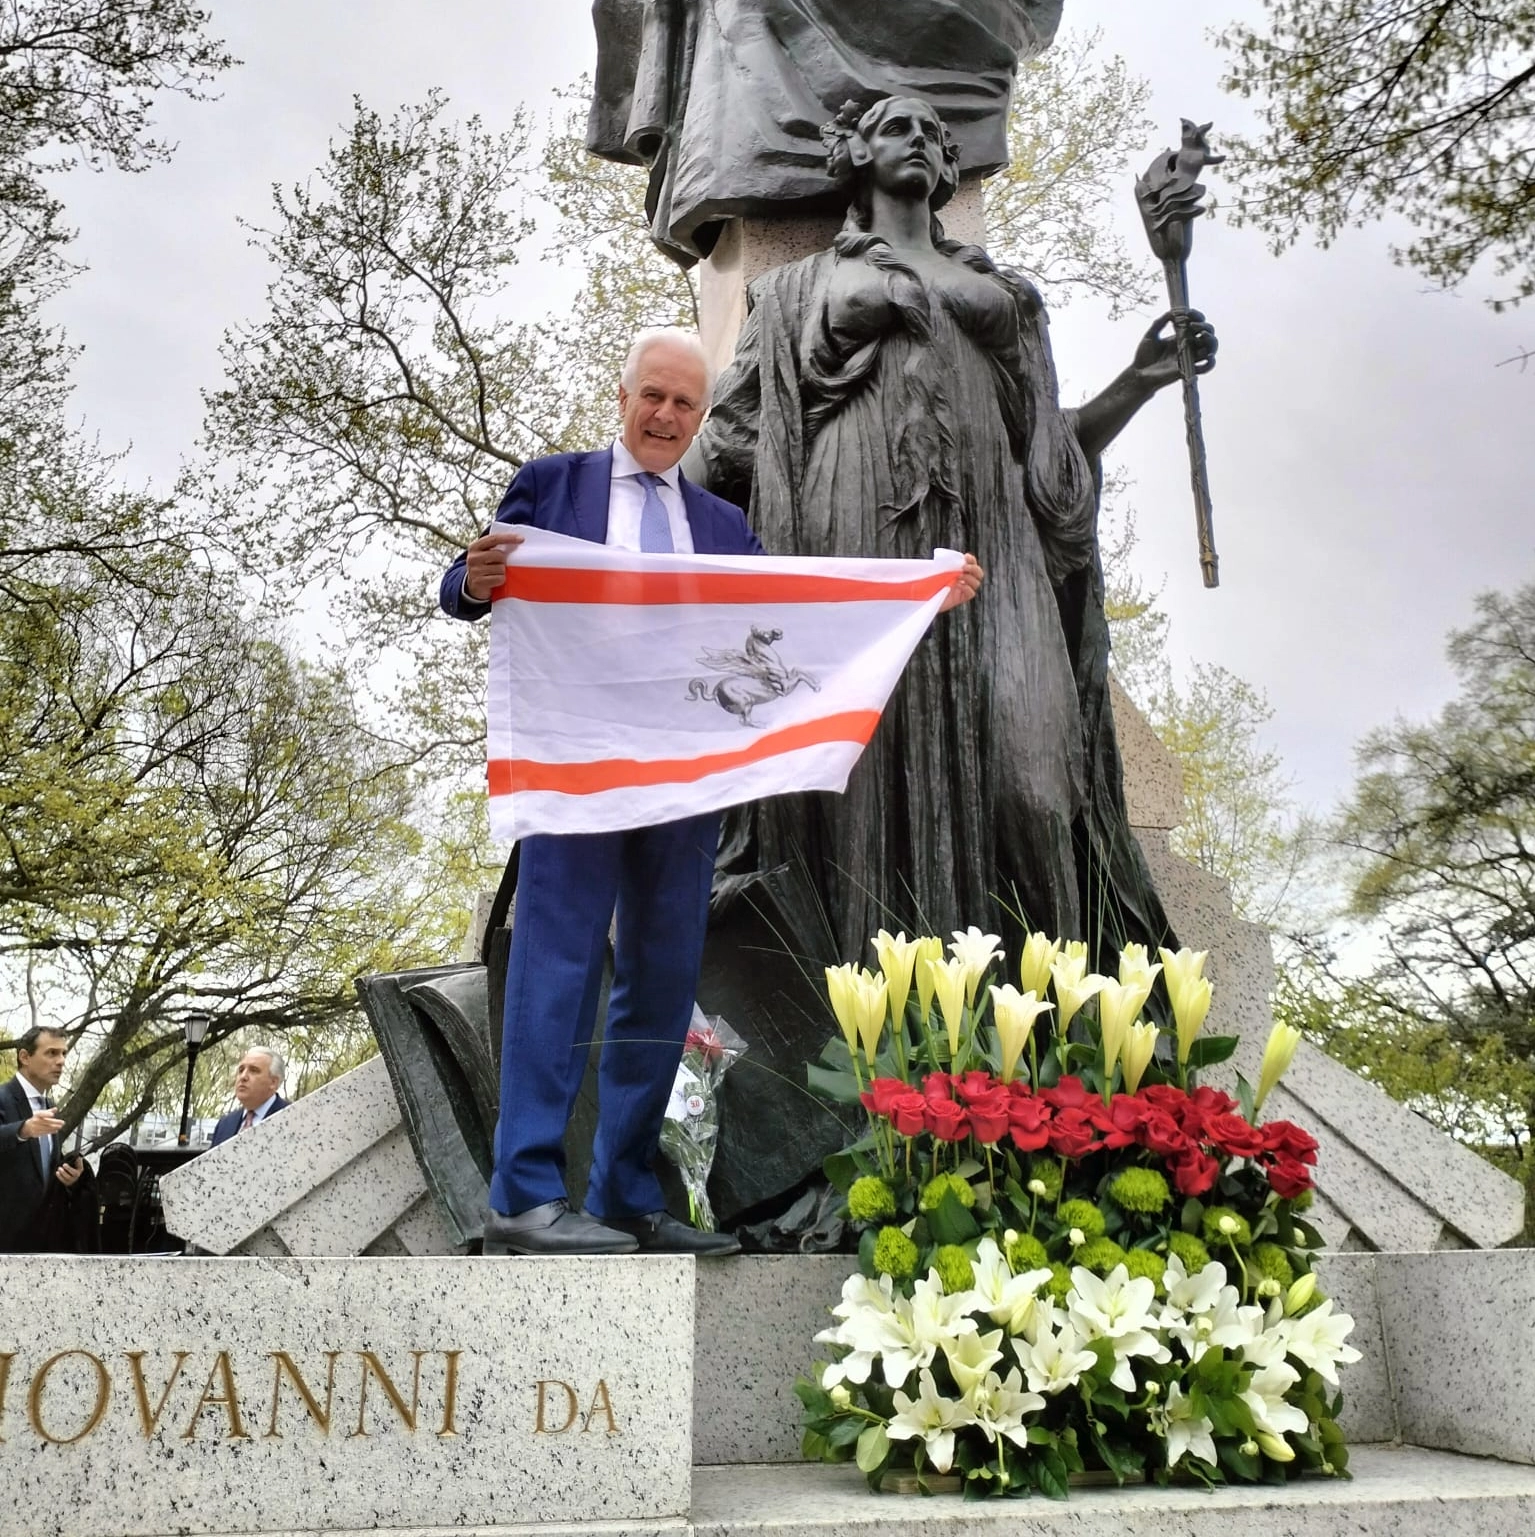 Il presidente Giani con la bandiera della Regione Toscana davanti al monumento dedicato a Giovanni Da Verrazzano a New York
═══
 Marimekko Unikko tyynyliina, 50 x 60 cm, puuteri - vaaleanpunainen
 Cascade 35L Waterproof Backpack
═══
_TASK GOAL_. All lines above from the one with "Marimekko Unikko tyynyliina, 50" to the one with "Cascade 35L Waterproof Backpack", inclusive, should be copied exactly, and no other lines.

_EXPECTED ANSWER_.
 Marimekko Unikko tyynyliina, 50 x 60 cm, puuteri - vaaleanpunainen
 Cascade 35L Waterproof Backpack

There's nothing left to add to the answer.